Suppose $X_0,X,X_1$ are Hilbert spaces such that $ X_0\overset{\textrm{cpt}}{\hookrightarrow} X\hookrightarrow X_1. $ Suppose $\gamma>0$. Suppose $v_m$ is a sequence all supported in a bounded subset $K$ of $\mathbb{R}$ such that

  • $v_m\to 0$ in $L^2(\mathbb{R};X_0)$ weakly; (2.29)
  • $|\xi|^\gamma\hat{v_m}\to 0$ in $L^2(\mathbb{R};X_1)$ weakly. (2.30)

Then for (fixed large enough) $M>0$, $$ \lim_{m\to\infty}\int_{|\xi|\leq M}\|\hat{v_m}(\xi)\|_{X_1}^2\ d\xi\to 0.\tag{1} $$

Here is my question: Would anybody elaborate why this is true?
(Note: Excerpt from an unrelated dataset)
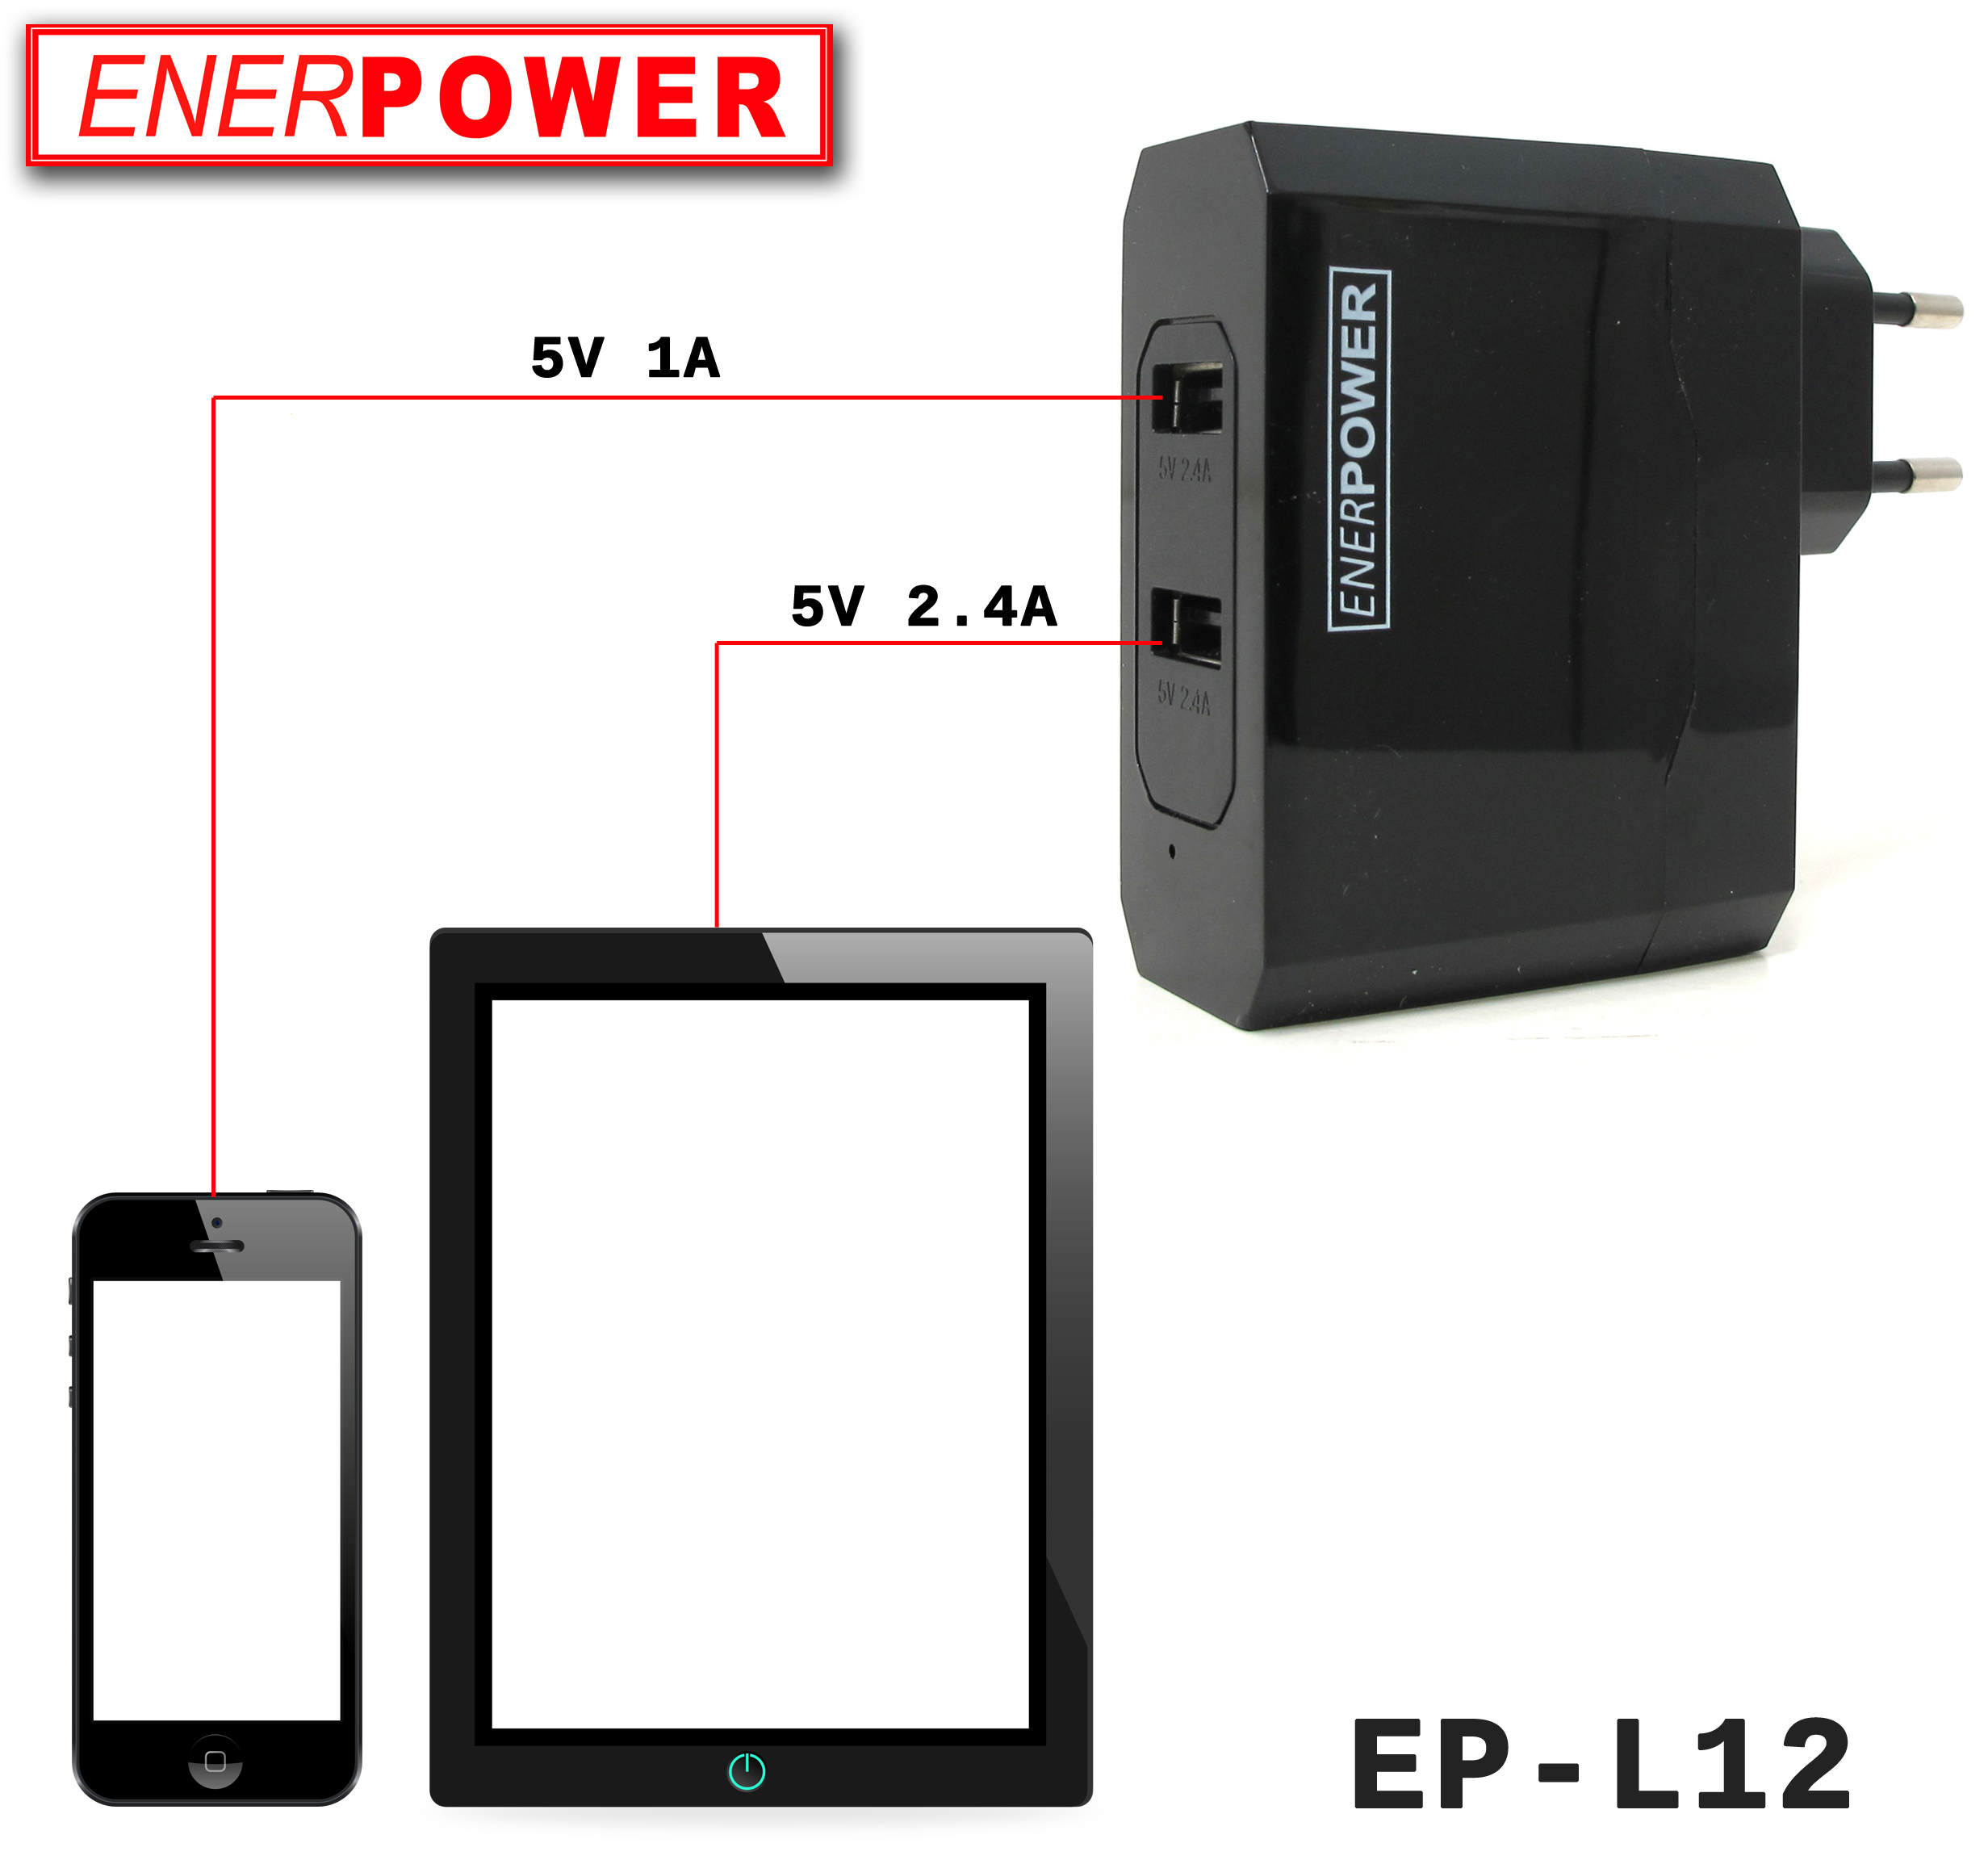 ENERpower EP-L12 Universal Dual 5V Power Supply USB Charger (2.4A / 1A)

[Added:] For $u:\mathbb{R}\to X_1$, $\hat{u}$ denotes the Fourier transform (when exists) $$ \hat{u}(\xi)=\int_\mathbb{R}e^{-2\pi i \xi x}u(x)\ dx. $$


[Added later 11/26/16] In order to show (1) by the Lebesgue dominated convergence theorem, one essentially needs the following:

  • Show that for each $\xi$ with $|\xi|\leq M$, $\|\hat{v_m}(\xi)\|_{X_1}^2\to 0$ as $m\to\infty$. This is the same as saying that $\hat{v_m}(\xi)\to 0$ in $X_1$ strongly and it is done by showing that $\hat{v_m}(\xi)\to 0$ in $X_0$ weakly thanks to the elaboration in Fabian Wirth's answer.
  • Show that the map $\xi\mapsto 1_{|\xi|\leq M}\|\hat{v_m}(\xi)\|^2_{X_1}$ is dominated by some integrable function. (This step has not been elaborated yet.) The argument for this given by the proof is as follows:

    The assumption regarding the supports of $\{v_m\}$, we have $v_m=1_Kv_m$ and thus $$ \hat{v_m}(\xi)=\int_{\mathbb{R}}e^{-2\pi it\xi}1_K(t)v_m(t)\ dt, $$ which implies by Cauchy-Schwartz that for each $\xi$, $$ \|\hat{v_m}(\xi)\|_{X_1}\leq\|v_m\|_{L^2(\mathbb{R};X_1)}\|e^{-2\pi it\xi}1_K\|_{L^2(\mathbb{R};X_1)}. $$ The proof in the book immediately concludes that $$ \|\hat{v_m}(\xi)\|_{X_1}\leq C $$ for some constant $C$. Here is my follow-up question: How does one know that $C$ is independent of $m$?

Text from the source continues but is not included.